Location: Virus and Prion ResearchTitle: Effect of miRNA and tRNA gene expression on the homeostatic status of pigs infected with highly pathogenic PRRSV
|FLEMING, DAMARIUS - Orise Fellow|
Submitted to: Plant and Animal Genome Conference
Publication Type: Abstract Only
Publication Acceptance Date: 12/29/2017
Publication Date: 1/13/2018
Citation: Fleming, D.S., Miller, L.C. 2018. Effect of miRNA and tRNA gene expression on the homeostatic status of pigs infected with highly pathogenic PRRSV[abstract]. Plant and Animal Genome Conference. p. 453.

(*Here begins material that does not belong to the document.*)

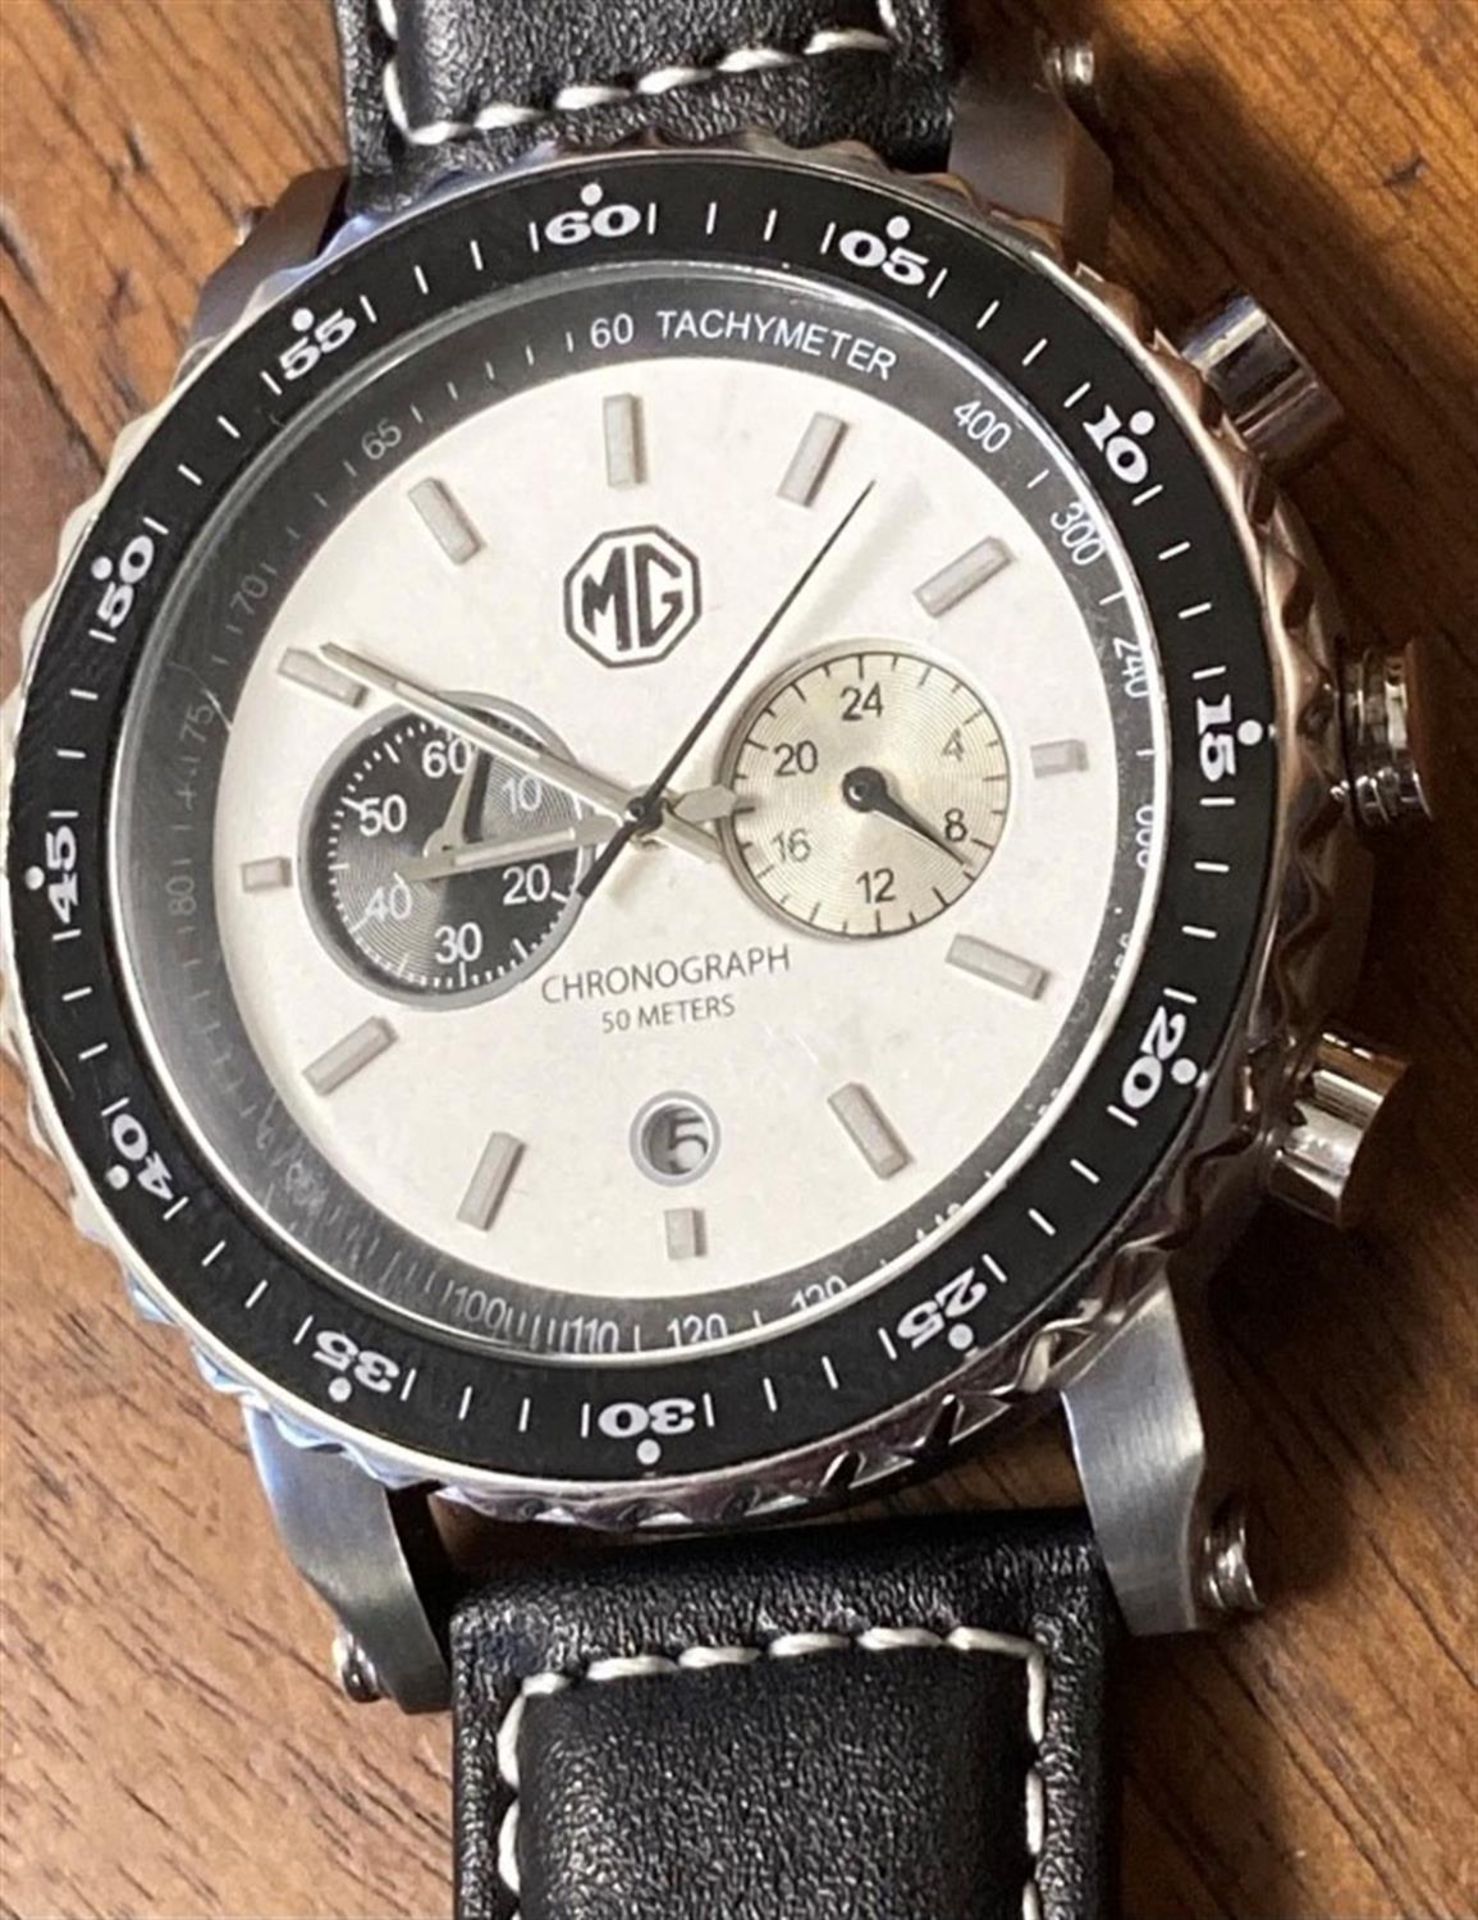 An MG Themed Chronograph Gentleman's Wristwatch - Image 3 of 8
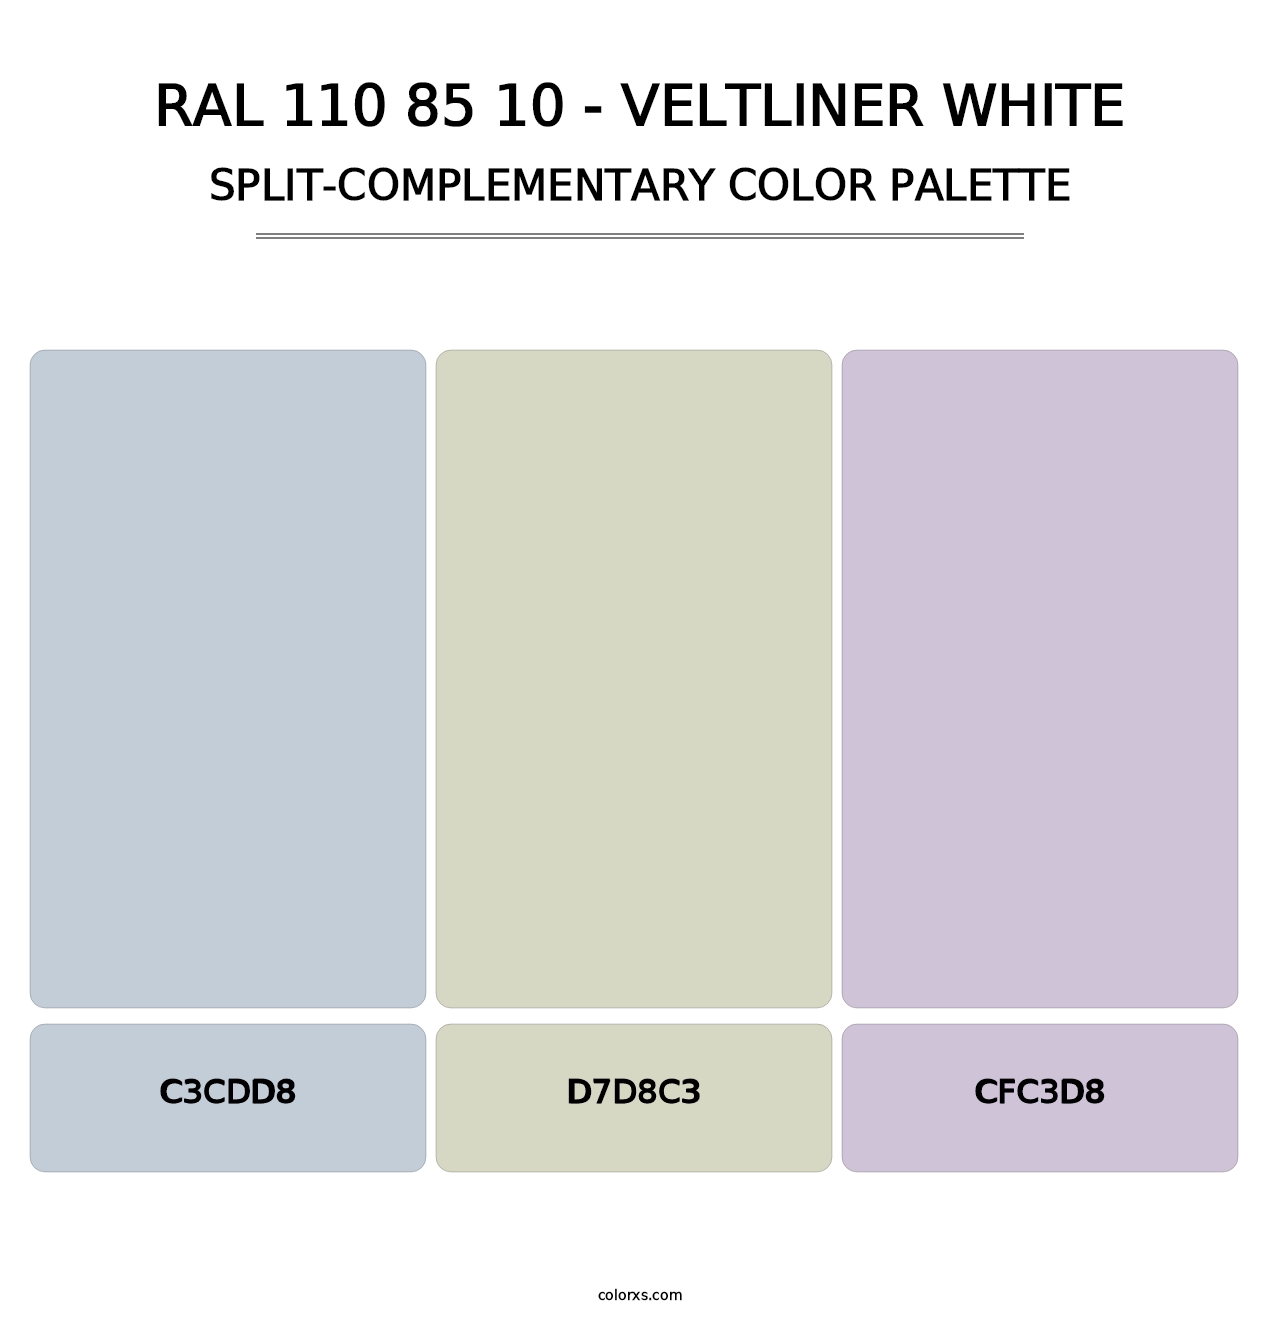 RAL 110 85 10 - Veltliner White - Split-Complementary Color Palette

Technical Abstract: It has been established that reduced susceptibility to porcine reproductive and respiratory syndrome virus (PRRSV) has a genomic component. This component, however, is a multi-faceted composition of coding and non-coding genetic elements that function as regulators of immune function. Our study focuses on the small non-coding (sncRNA) side of this response in pigs because of emergence of various sncRNAs shown to play important roles in the human viral immunity. Among these sncRNAs are the microRNA (miRNA) and transfer RNA (tRNA) molecules. Our study looks at changes in expression of these sncRNAs to produce information on how gene function in the pig can become dysregulated and subsequently respond to the virus. The objective of the study is to identify differences in miRNA and tRNA gene expression between healthy and highly pathogenic PRRSV challenged pigs. The study was conducted using total RNA extracted from pig whole blood taken from a total of 24 pigs split into either control (sham inoculation) or infected pigs at 1, 3, and 8 days post infection. Sequencing of the samples produced 100bp single end libraries for transcriptomic analysis of sncRNA gene expression. The results indicated statistically significant changes in sncRNA expression were dependent on time and treatment, in which, miRNA expression was variable while tRNA expression declined steadily post-infection. The results of this study highlights changes in sncRNA expression that have the potential to unlock new targets for understanding the effect of PRRSV on pig homeostasis.